Overview and Design Principles
Note: This chapter is a machine-translated English version of the original Japanese chapter 概要と設計思想. Some phrasing may read unnaturally.
Why I Built It
I wanted a tmux-style pane-oriented development environment on Windows, without assuming WSL. For that goal, what mattered most in yatamux was not just splitting panes, but making sure CJK rendering and IME do not fall apart.
When you use modern terminal apps on Windows, the following problems appear frequently:
- CJK width mismatches: ConPTY and the app disagree about displayed cell width
- Weak IME handling: preedit text position and rendering fall apart during conversion
- Graphemes including half-width kana voiced marks or VS-16: width decisions become hard
- Font-dependent box drawing: borders in apps like neovim break differently depending on the environment
To avoid those issues, yatamux uses ConPTY as the PTY layer while taking full control of display and input through native Win32.
Current design principles
1. Keep the server and GUI in the same process
Internal communication is handled entirely with tokio::sync::mpsc, so no process boundary is introduced between the GUI and PTY management.
Only external CLI integration is split out through named-pipe IPC.

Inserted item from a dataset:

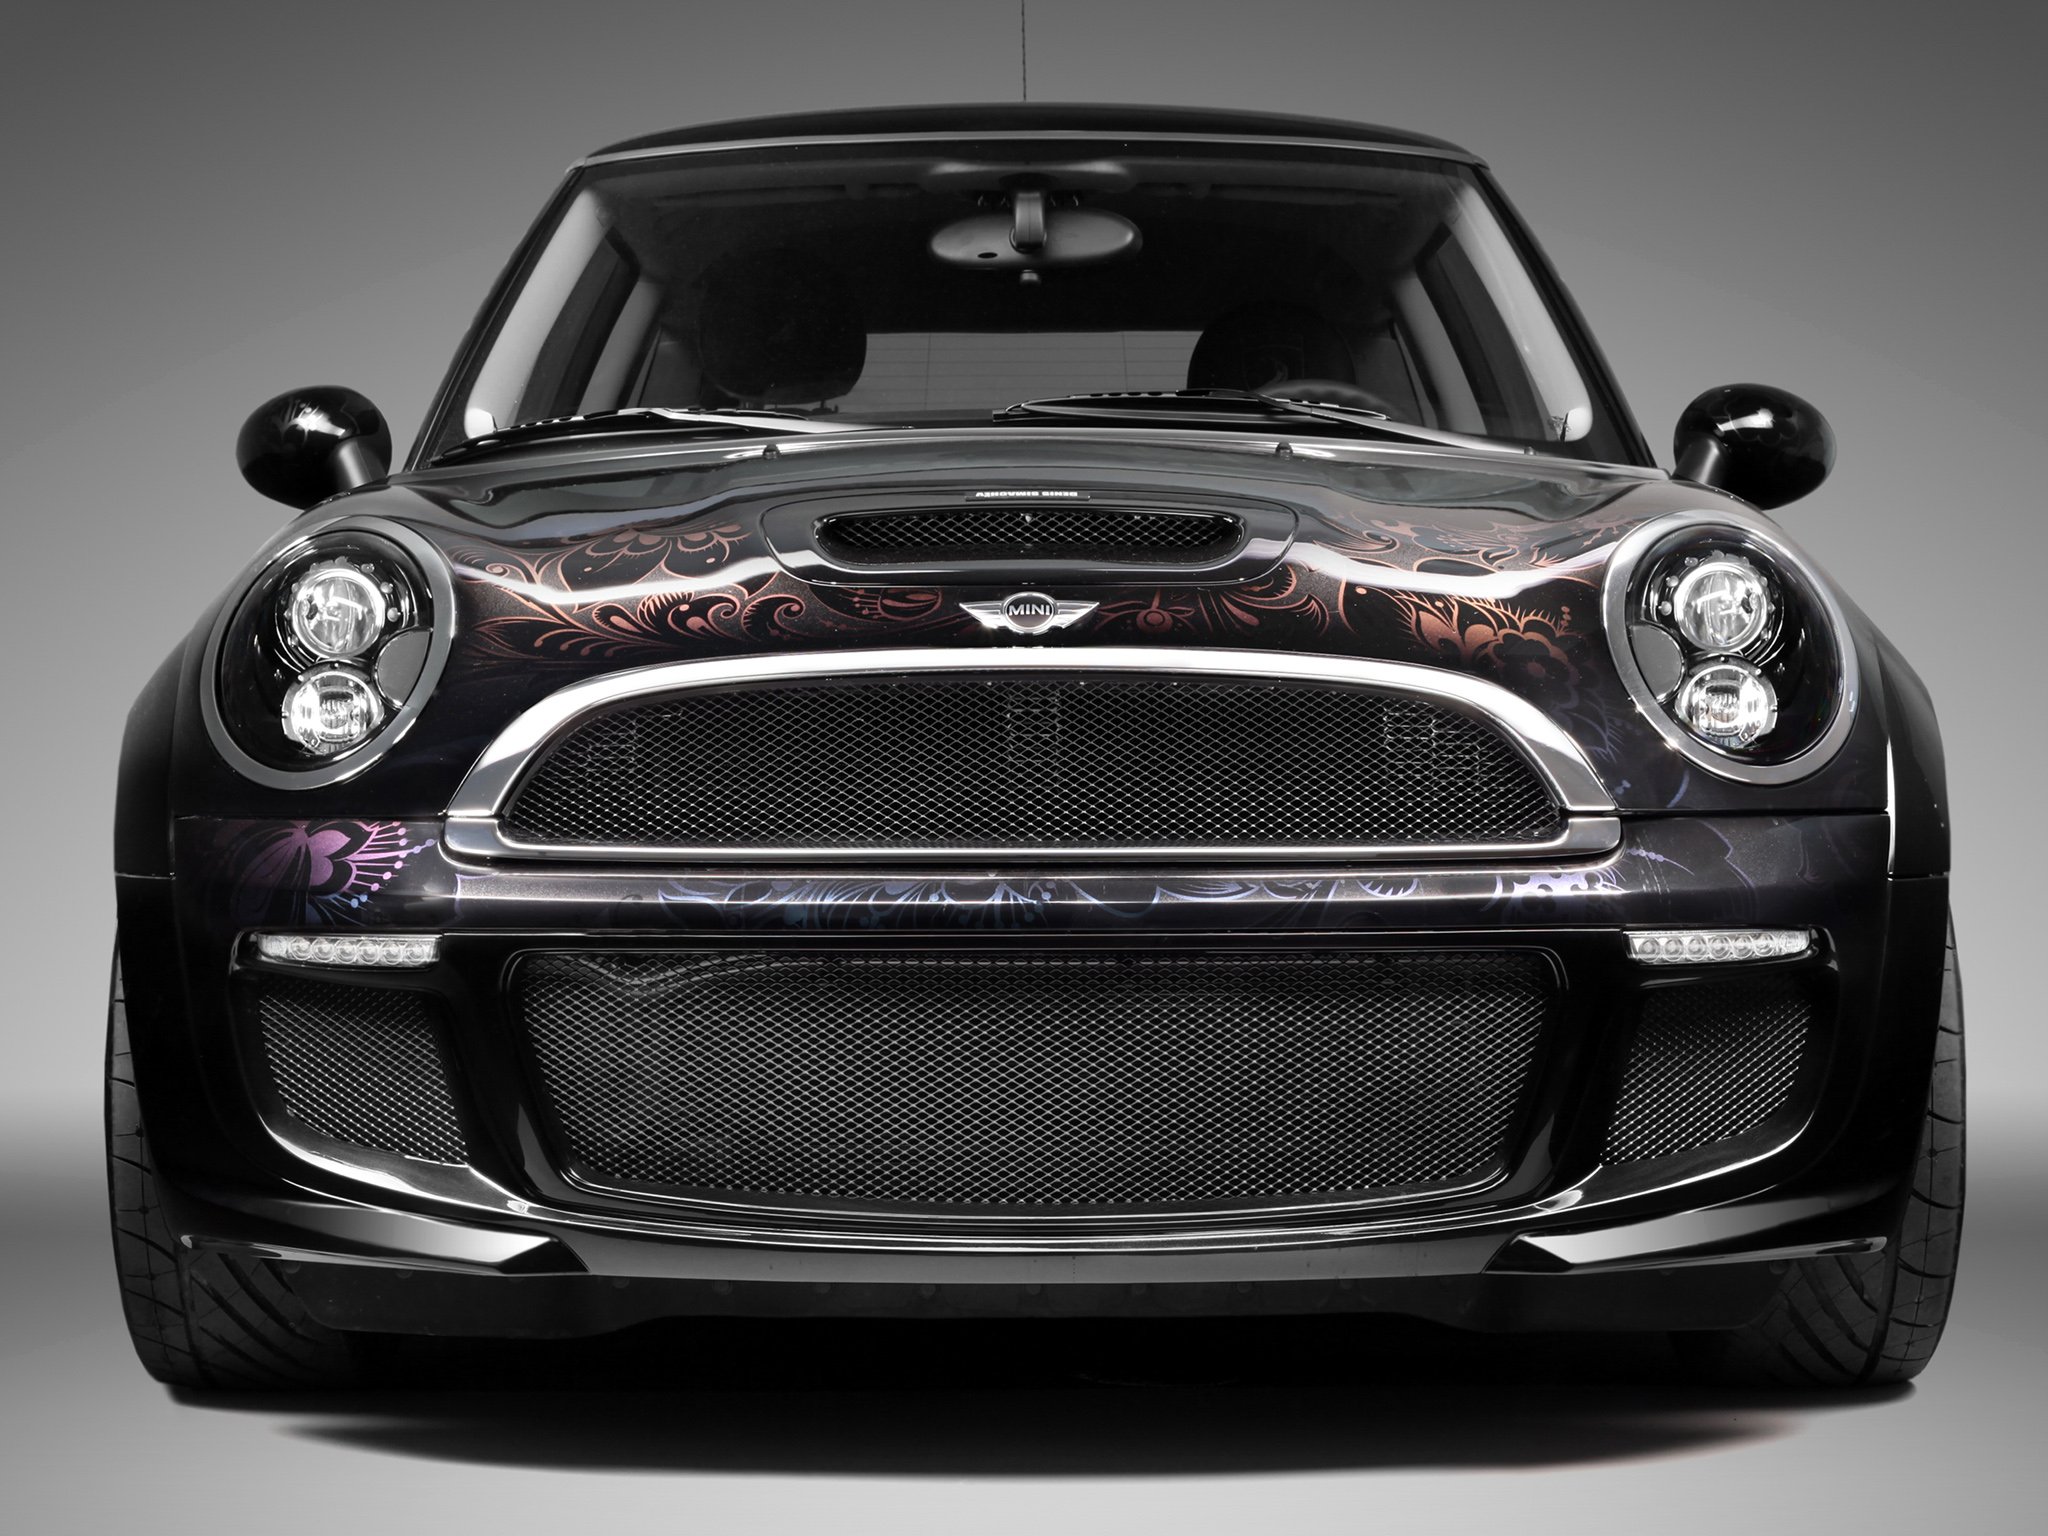 topcar, Mini, Cooper s, Bully, Moscow, Cars, Modified Wallpaper

The benefit is lower latency during UI operations, while still keeping the code reasonably well separated by responsibility.
2. Put Grid at the center
Raw PTY output is never drawn directly. It is always applied to the Grid in the terminal crate first.

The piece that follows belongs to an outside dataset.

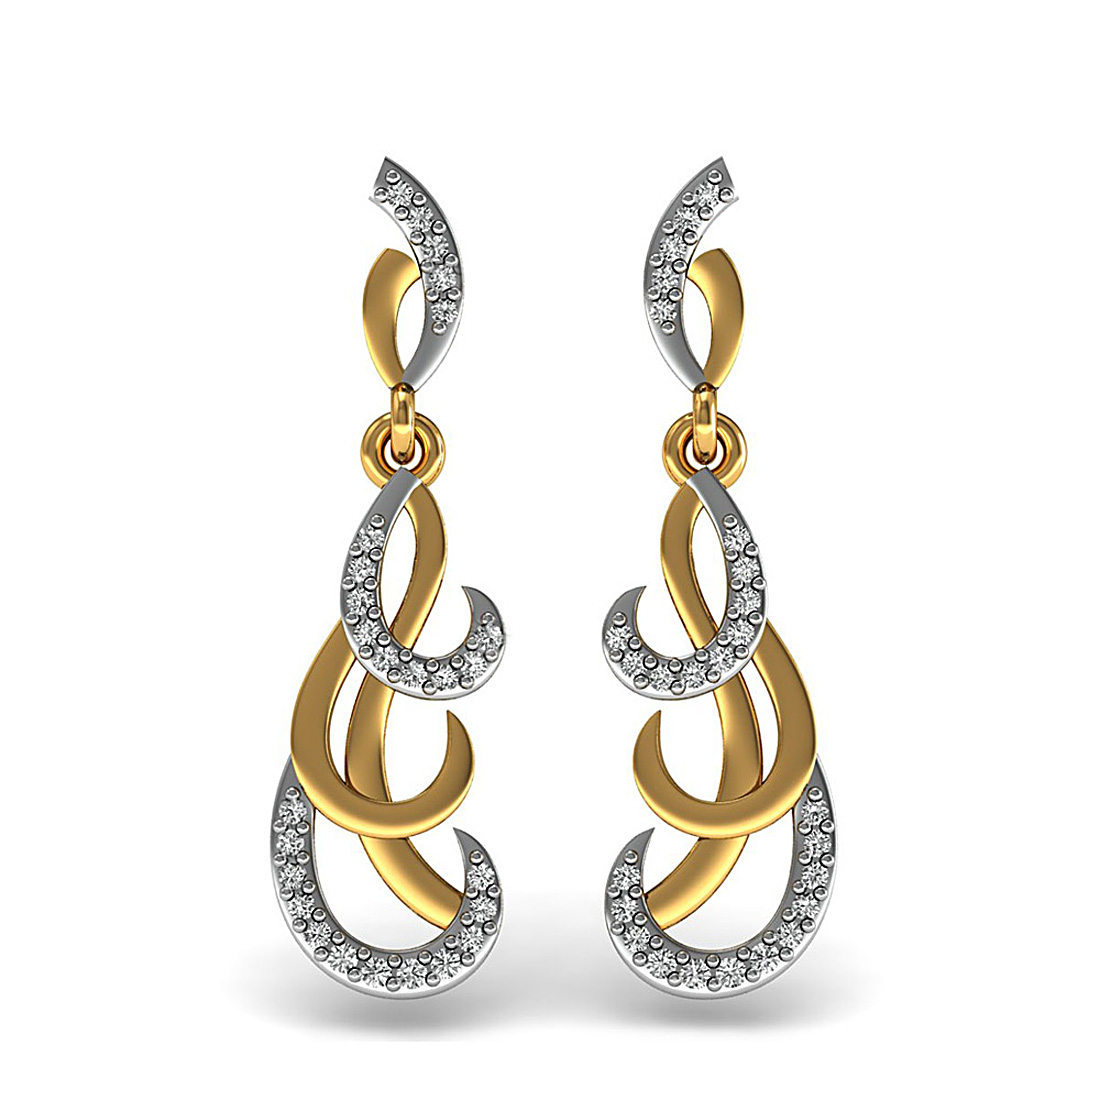 Beautiful pair of leaf style dangle earrings studded with natural diamond and made in 18k solid yellow gold.

That lets one data structure centralize:
- CJK width calculation
- scrollback
- alternate screen handling
- text extraction for copy mode and normal selection
- output generation for
capture-pane
3. Centralize UI state in PaneStore
Layout trees, the active pane, floating-pane state, launcher state,
save prompts, toast queues, and other UI concerns all live in PaneStore.
That creates a clear bridge point between the Win32 thread and the tokio tasks.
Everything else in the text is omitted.